SONO ALLERGICO O INTOLLERANTE A QUALCHE ALIMENTO?

Ecco la domanda a cui ogni giorno ogni allergologo deve rispondere.
Un compito spesso difficile: per allergia alimentare s'intende una reazione avversa mediata da particolari anticorpi detti IgE.
Per intolleranza alimentare s'intende invece una reazione avversa, mediata da altre modalità di interazione tra corpo umano e alimento. 

UNA DIAGNOSI DIFFICILE

È difficile rispondere perché spesso i sintomi sono sovrapponibili, caratterizzati da gonfiore delle labbra e/o della lingua, bruciore in bocca appena dopo mangiato, orticaria, disturbi gastrointestinali quali meteorismo e/o diarrea.
Ed è difficile rispondere soprattutto perché, purtroppo, i mezzi diagnostici per l’allergia alimentare e l’intolleranza alimentare sono poco precisi e hanno un grande margine di errore. 

I mezzi diagnostici validati dalla letteratura medica internazionale restano il prick test (test cutaneo), il Rast (esame ematochimico su un campione di sangue) per le allergie alimentari, alcuni esami specifici tipo il test al lattosio per le intolleranze alimentari e soprattutto il “diario alimentare” che, pur con i suoi limiti, ancora oggi è lo standard di riferimento.

EVITARE TUTTO CIÒ CHE NON È SCIENTIFICAMENTE VALIDO!

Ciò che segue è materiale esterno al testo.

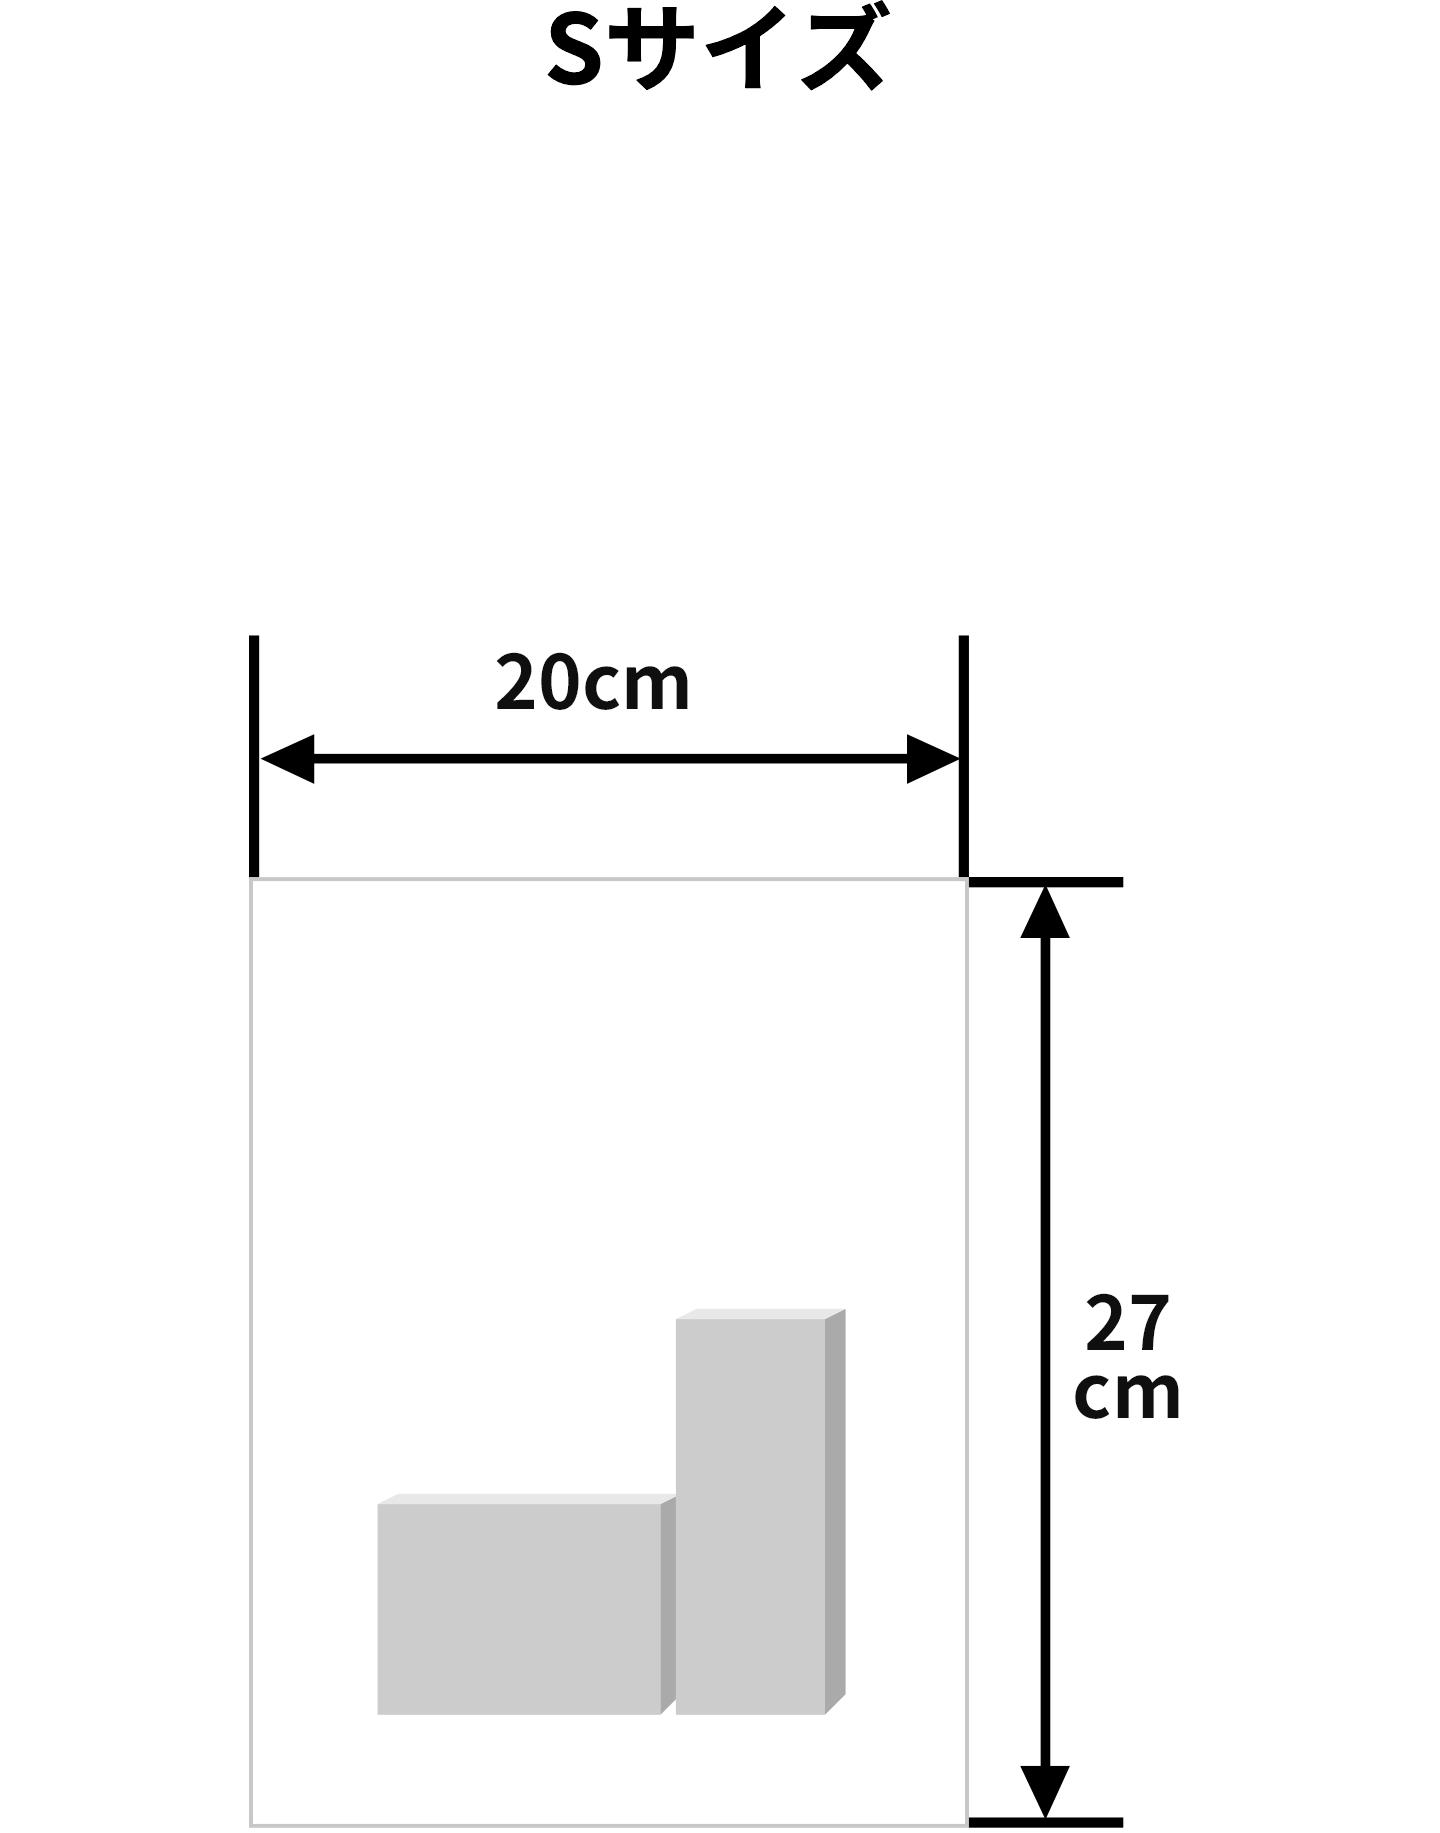 Sサイズ(横幅20cm、高さ27cm)のラッピング例(※イメージです)

Non c’è altro che sia scientificamente dimostrato: tutta la variegata gamma di esami alternativi, dall’esame del capello a quello della forza muscolare non sono mai stati dimostrati e sono del tutto inutili o dannosi in quanto fanno credere al paziente di avere allergie che non ha.
La tematica dell’allergia alimentare è molto ingigantita rispetto alle sue reali dimensioni cliniche.
E infatti, spesso, tornando alla domanda iniziale che pongono in molti all'allergologo, la risposta più frequente è: "Lei non è né allergico, né soffre di intolleranze alimentari: i suoi disturbi hanno un’altra origine".

QUALE TERAPIA?

In termini terapeutici l’unica possibilità è evitare o ridurre l’ingestione del cibo che è causa di allergia e/o intolleranza, ma, dato che spesso la diagnosi è difficile, è necessario essere cauti prima di consigliare al paziente restrizioni alimentari che spesso complicano non poco la vita e che possono rivelarsi anche del tutto inutili.